I still see this problem. There was talk of fixing it elsewhere.

Regards,

K. Y
>
> _______________________________________________
> devel mailing list
> [email protected]
> http://driverdev.linuxdriverproject.org/mailman/listinfo/driverdev-devel

Subject: RE: [PATCH 1/1] [SCSI] Fix a bug in deriving the FLUSH_TIMEOUT from the basic I/O timeout

In sd_sync_cache:
rq->timeout *= SD_FLUSH_TIMEOUT_MULTIPLIER;

Regardless of the baseline for the multiplication, a magic
number of 2 is too arbitrary. That might work for an
individual drive, but could be far too short for a RAID
controller that runs into worst case error handling for
the drives to which it is flushing (e.g., if its cache
is volatile and the drives all have recoverable errors
during writes). That time goes up with a bigger cache and
with more fragmented write data in the cache requiring
more individual WRITE commands.

A better value would be the Recommended Command Timeout field
value reported in the REPORT SUPPORTED OPERATION CODES command,
if reported by the device server. That is supposed to account
for the worst case.

For cases where that is not reported, exposing the multiplier
in sysfs would let the timeout for simple devices be set to
smaller values than complex devices.

Also, in both sd_setup_flush_cmnd and sd_sync_cache:
cmd->cmnd[0] = SYNCHRONIZE_CACHE;
cmd->cmd_len = 10;

SYNCHRONIZE CACHE (16) should be favored over SYNCHRONIZE
CACHE (10) unless SYNCHRONIZE CACHE (10) is not supported.

---
Rob Elliott HP Server Storage


2014-07-18 15:10:51

by Christoph Hellwig

[permalink] [raw]
Subject: Re: [PATCH 1/1] [SCSI] Fix a bug in deriving the FLUSH_TIMEOUT from the basic I/O timeout

On Thu, Jul 17, 2014 at 11:53:33PM +0000, KY Srinivasan wrote:
> I still see this problem. There was talk of fixing it elsewhere.
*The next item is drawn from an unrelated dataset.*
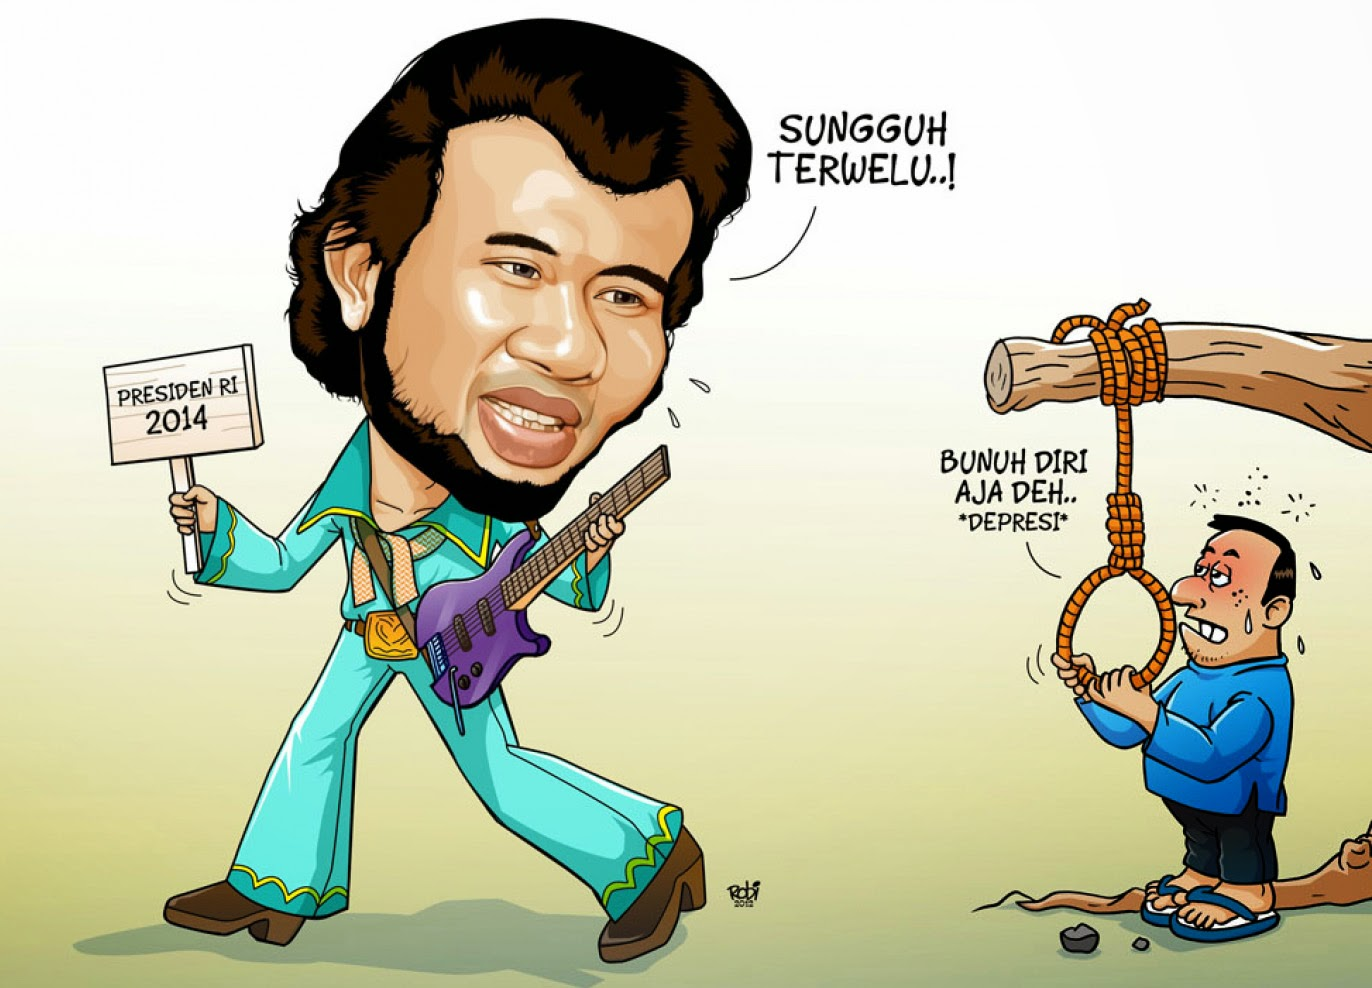 KUMPULAN GAMBAR KARIKATUR LUCU Kartun Karikatur Politik Orang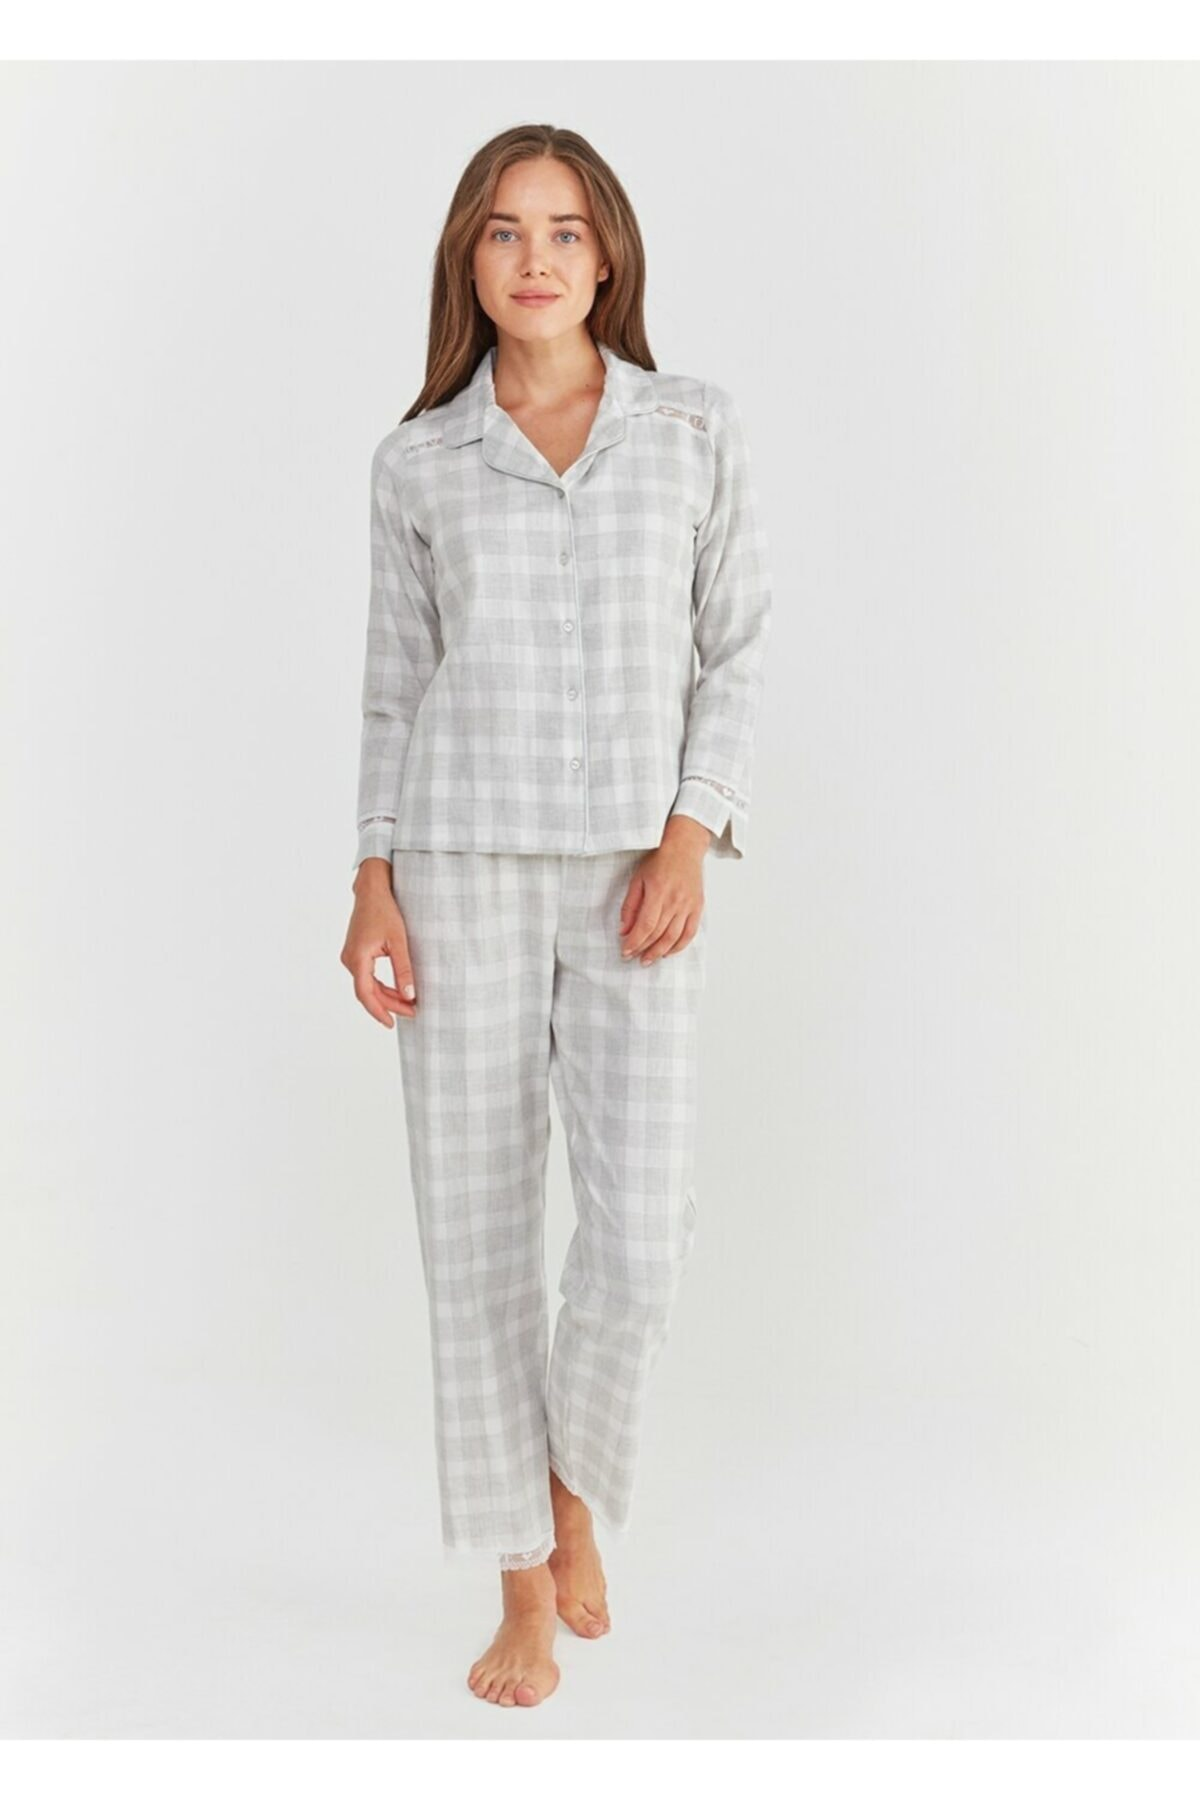 SUWEN Sofia Maskulen Pijama Takımı 2

Well, what we have right not is entirely broken, given that the
block layer doesn't initialize ->timeout on TYPE_FS requeuests.

We either need to revert that initial commit or apply something like
the attached patch as a quick fix.


Attachments:
(No filename) (365.00 B)
0001-sd-set-a-non-zero-timeout-for-flush-requests.patch (836.00 B)
Download all attachments

2014-07-18 15:11:42

by Christoph Hellwig

[permalink] [raw]
Subject: Re: [PATCH 1/1] [SCSI] Fix a bug in deriving the FLUSH_TIMEOUT from the basic I/O timeout

On Fri, Jul 18, 2014 at 12:51:06AM +0000, Elliott, Robert (Server Storage) wrote:
> SYNCHRONIZE CACHE (16) should be favored over SYNCHRONIZE
> CACHE (10) unless SYNCHRONIZE CACHE (10) is not supported.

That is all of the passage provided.